Positive Going Pulse
In the low or logic 0 state, it is in the quiescent state. It goes high or logic 1 when activated. This is a transition in the positive going direction.
Pulse Polarity
Either positive going or negative going. A pulse has two logic states: activated or inactivated. These two states are opposite. When the pulse is in its quiescent state (high or low), it is at one particular logic level (1 or 0). When the pulse hits or is in the activated state, this logic level reverses itself for the duration of the pulse.
Pulse Width
The actual real time between identical points on the leading or trailing edge of a pulse to the next successive leading or trailing pulse edge. The pulse width of the output signal of most encoders is a 50% duty cycle on the clock outputs. Some models utilize a timed or "one shot" output. This provides a constant pulse width irrespective of the pulse repetition rate or shaft speed. The factors to be considered when determining pulse width specifications are: (1.) What is the minimum pulse width requirement of the counter or PLC? This information is available in the counter or PLC specifications. (2.) Pulse repetition rate versus pulse width. With a constant pulse width, the individual pulses become closer together as the pulserepetition rate or shaft speed increases. At some point the pulses will overlap and the output signal as a series of well defined pulses ceases. The pulse repetition rate varies inversely with the pulse width and vice versa.
Pull-up Resistor
When added inside the encoder between the positive voltage and the collector element of the output transistor, it becomes a pull-up circuit. This is also know as a pulse output.
Push-Pull Output
An output circuit that will both sink and source current.
Quadrature
A dual output encoder used for bi-directional motion control. One channel leads the other by 90 electrical degrees. By monitoring the phase shift of both channel A and B, direction can be determined. Another benefit of a quadrature encoder is
count multiplication. With an appropriate counter, resolution can be multiplied up to four times. For instance, using this technique an encoder with CPR of 1000 can provide a resolution of up to 4000 pulses per shaft revolution.
Quadrature Error
Quadrature error is the phase error when the specified phase relationship between two channels is nominally 90 electrical degrees.
Radial Load
The force applied at a specific point to the encoder shaft perpendicular to the axis of rotation.
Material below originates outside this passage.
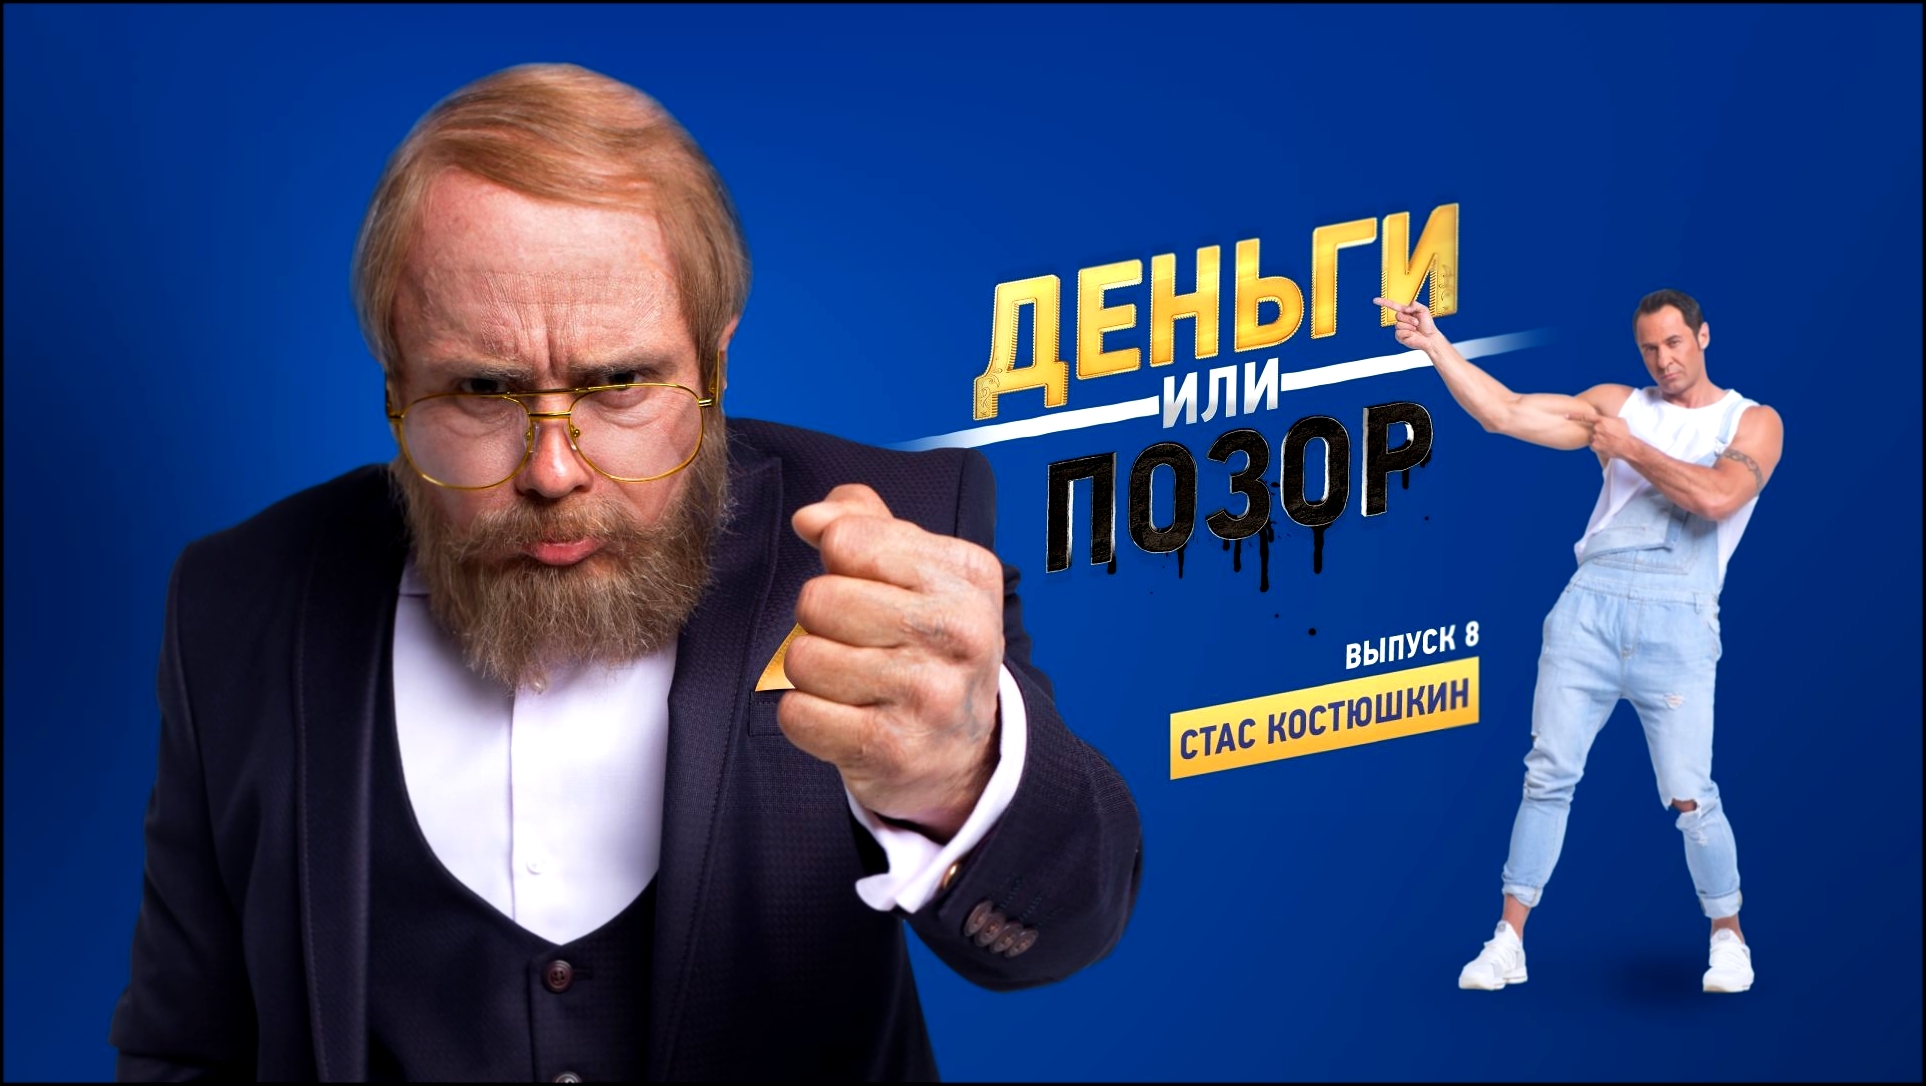 Видеоклип Деньги или позор: Стас Костюшкин (07.09.2017)

Note: It is important to note where the force is being applied along the shaft, due to the cantilever effect.
Radial Load (maximum)
The maximum force that may be applied perpendicularly to the shaft without reducing the rated operating life or causing deviation from the rated performance.
Resolution
The number of increments on the encoder disk. For incremental encoders, resolution is defined as cycles per revolution.
Shaft Runout
Amount of shaft movement while spinning.
Single Channel
A single channel encoder produces one incremental output. They are often used for tachometry applications.
Torque (running)
Running torque is the rotary force required to keep an encoder shaft turning. It is typically expressed in ounce-inches.
Torque, Starting (breakaway)
Starting (breakaway) torque is the rotary force required to overcome static friction and cause the encoder shaft to begin rotating.
Unidirectional
Unidirectional refers to an encoder output code format from which direction of travel cannot be determined.